(What needs to be done) The whole listing that follows is to be restated word for word, images excluded.

(Supplied data)
··········

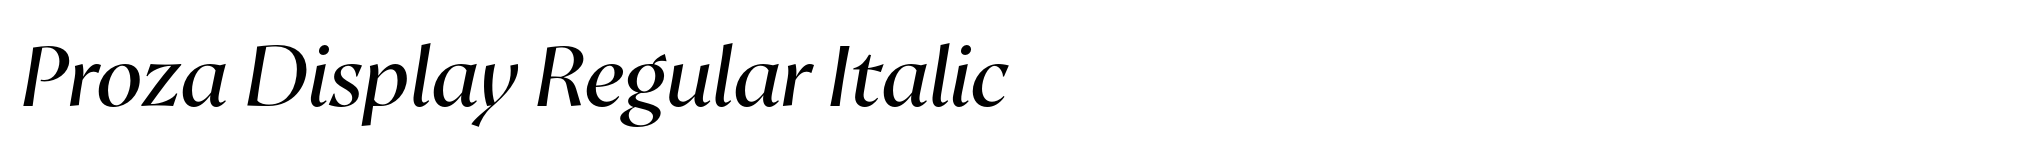 Proza Display Regular Italic image
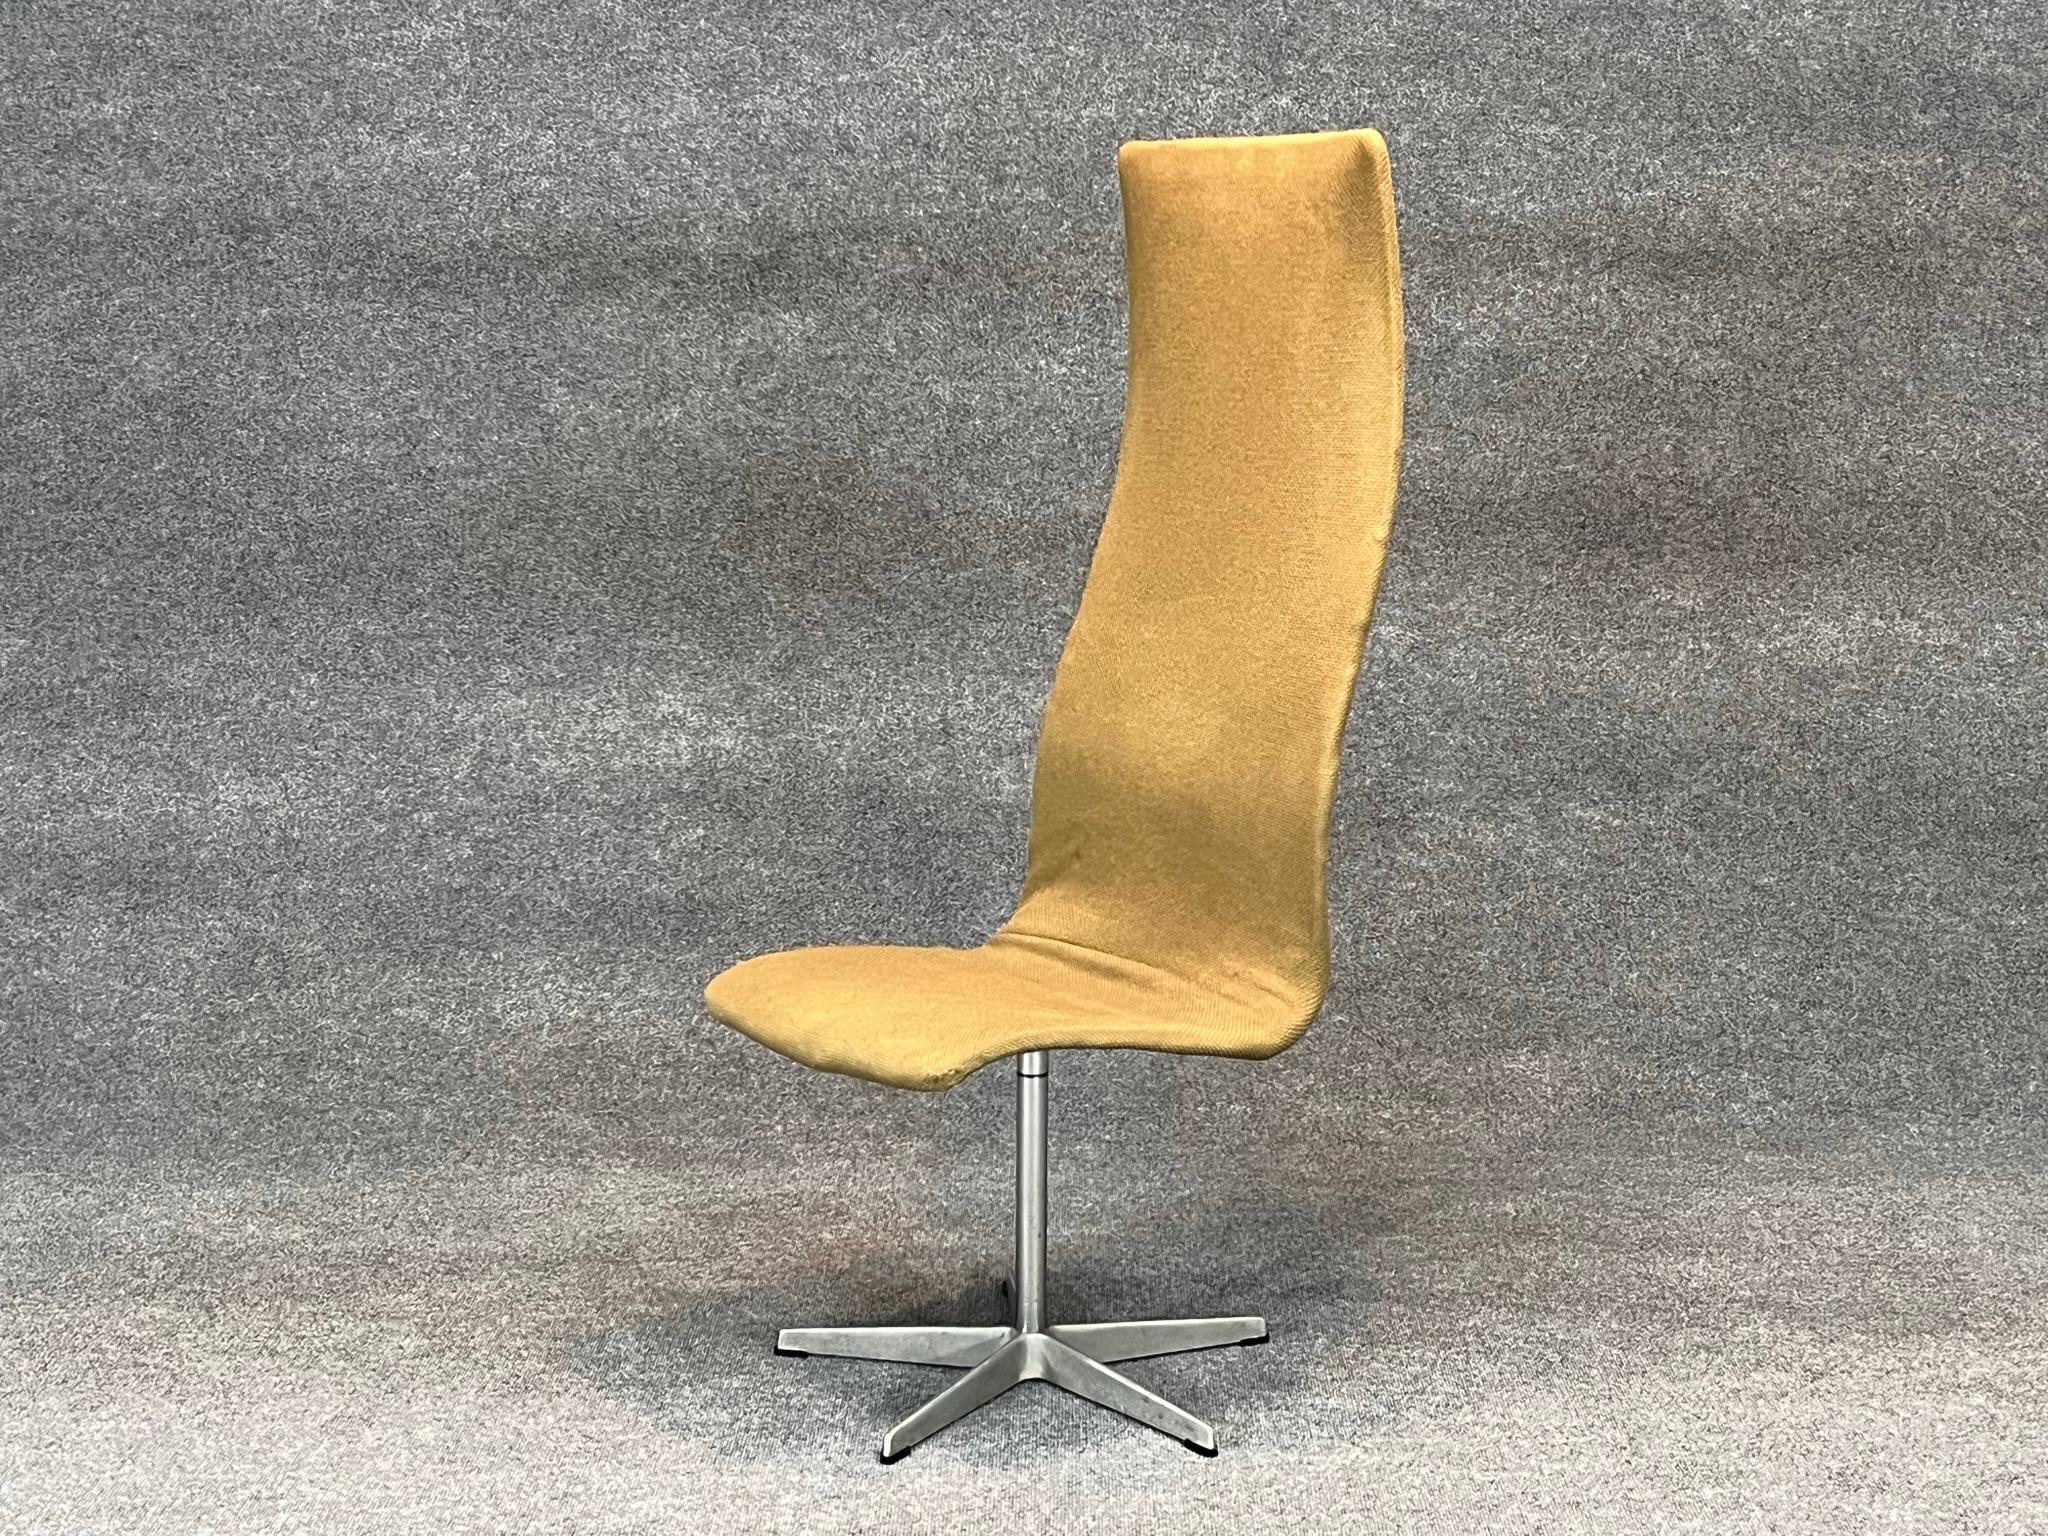 Mid-Century Modern Danish Modern High Back Swivel Oxford chair by Arne Jacobsen for Fritz Hansen
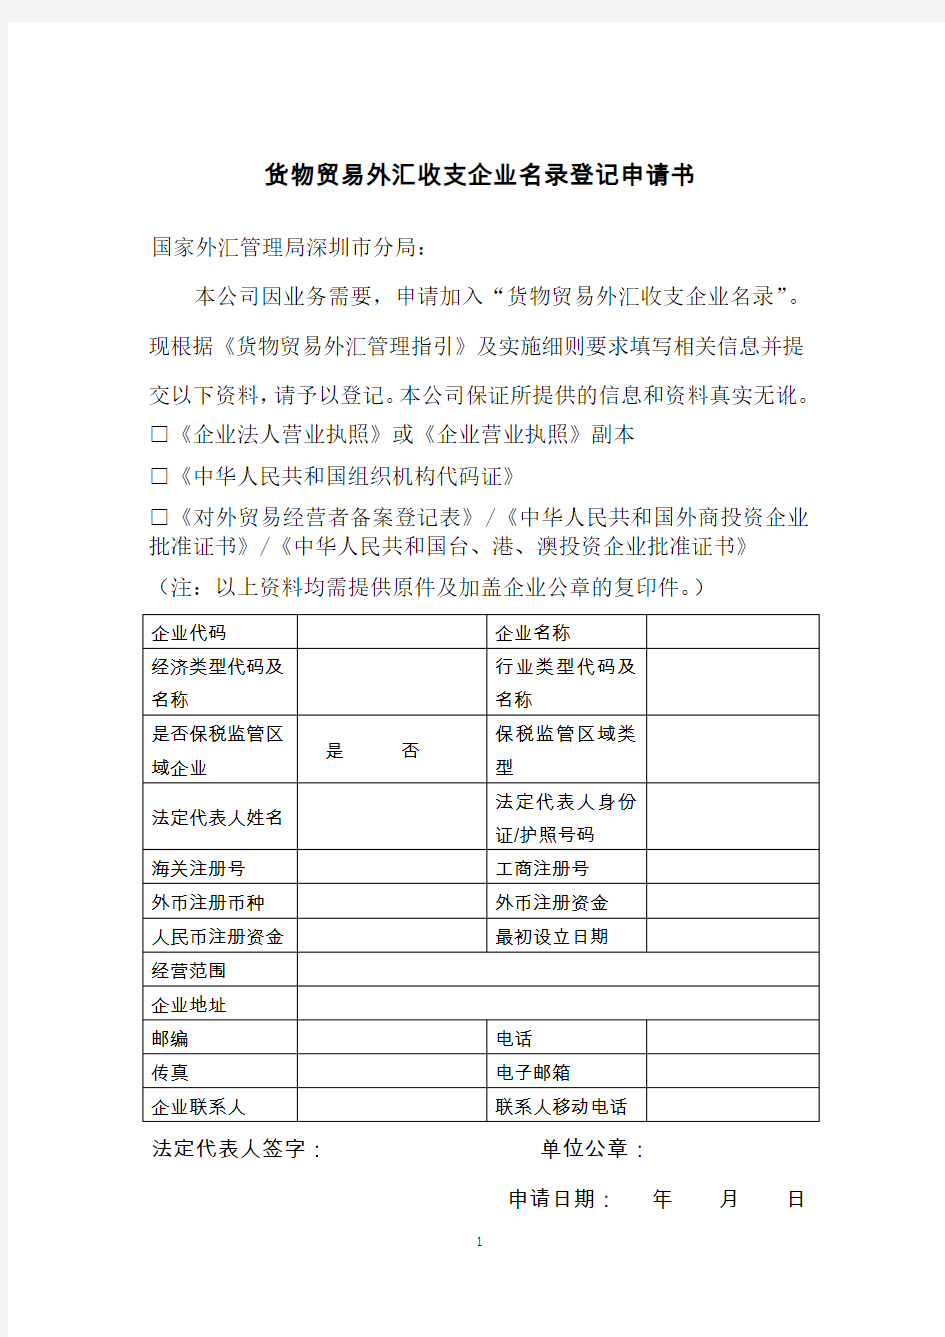 深圳市货物贸易外汇收支企业名录登记申请书
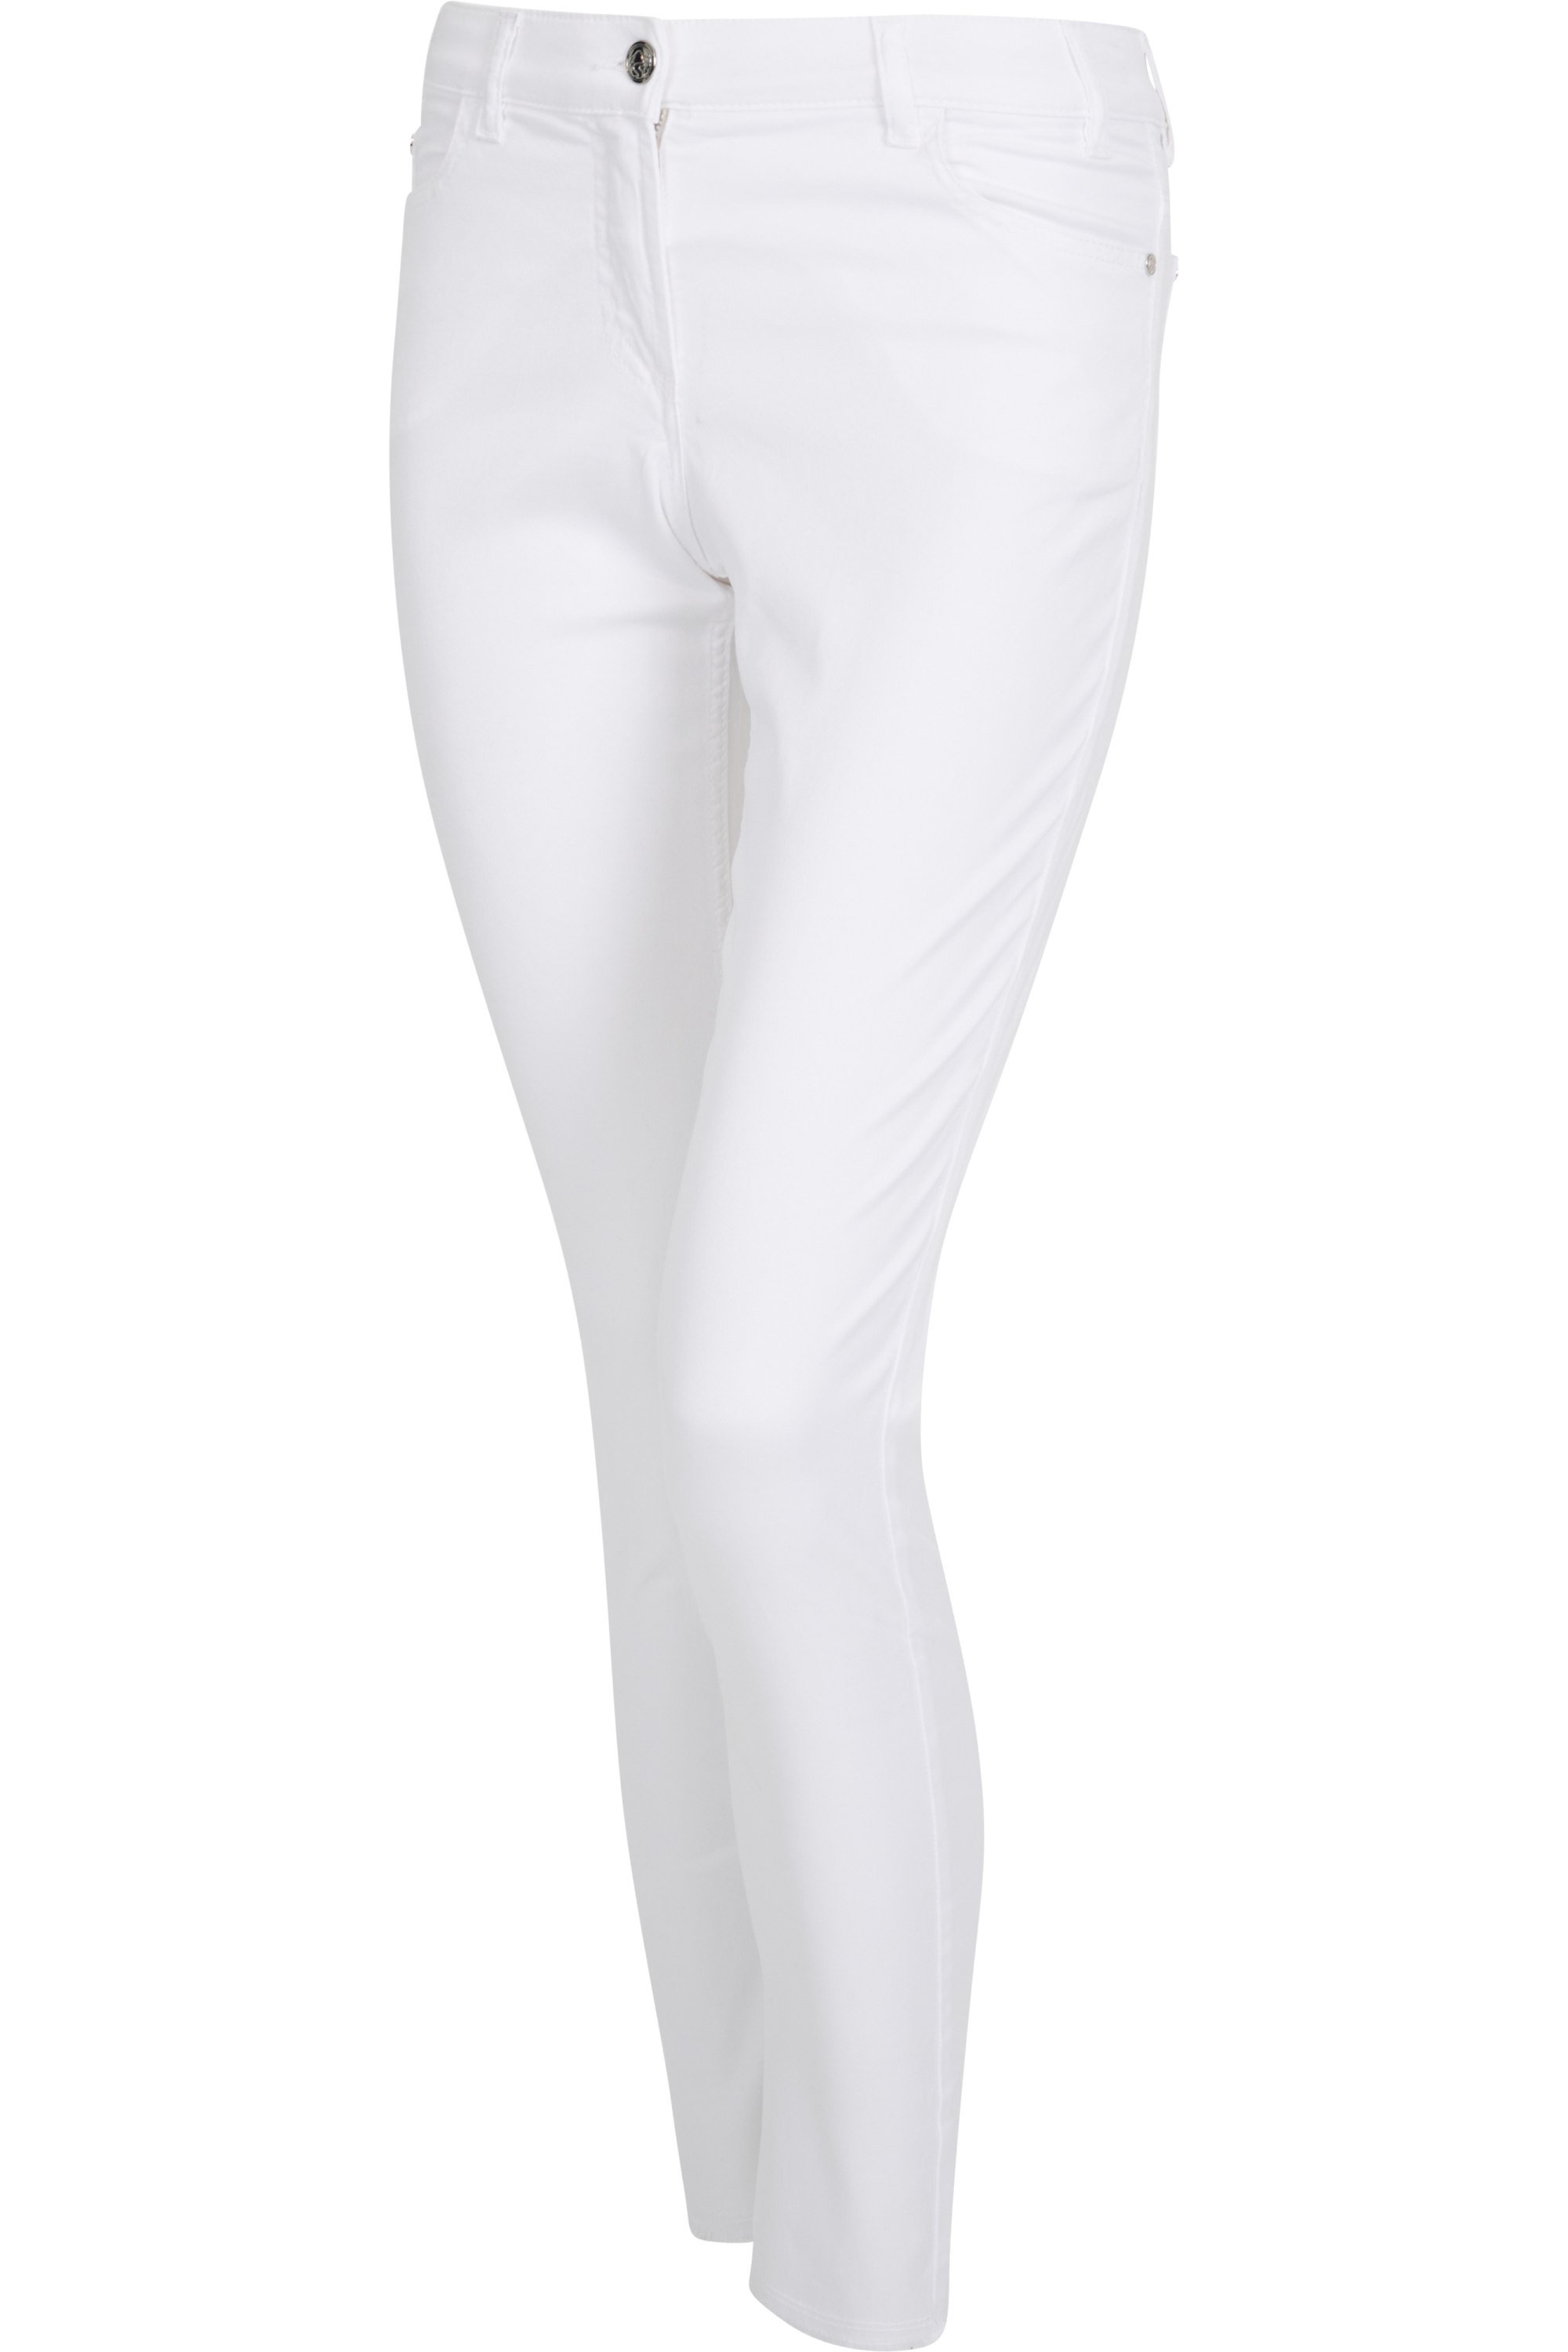 Sportalm kalhoty Enna bright white Velikost: 38

··········

(Solved problem)
 Proza Display Regular Italic image
 Mid-Century Modern Danish Modern High Back Swivel Oxford chair by Arne Jacobsen for Fritz Hansen
 深圳市货物贸易外汇收支企业名录登记申请书
 Sportalm kalhoty Enna bright white Velikost: 38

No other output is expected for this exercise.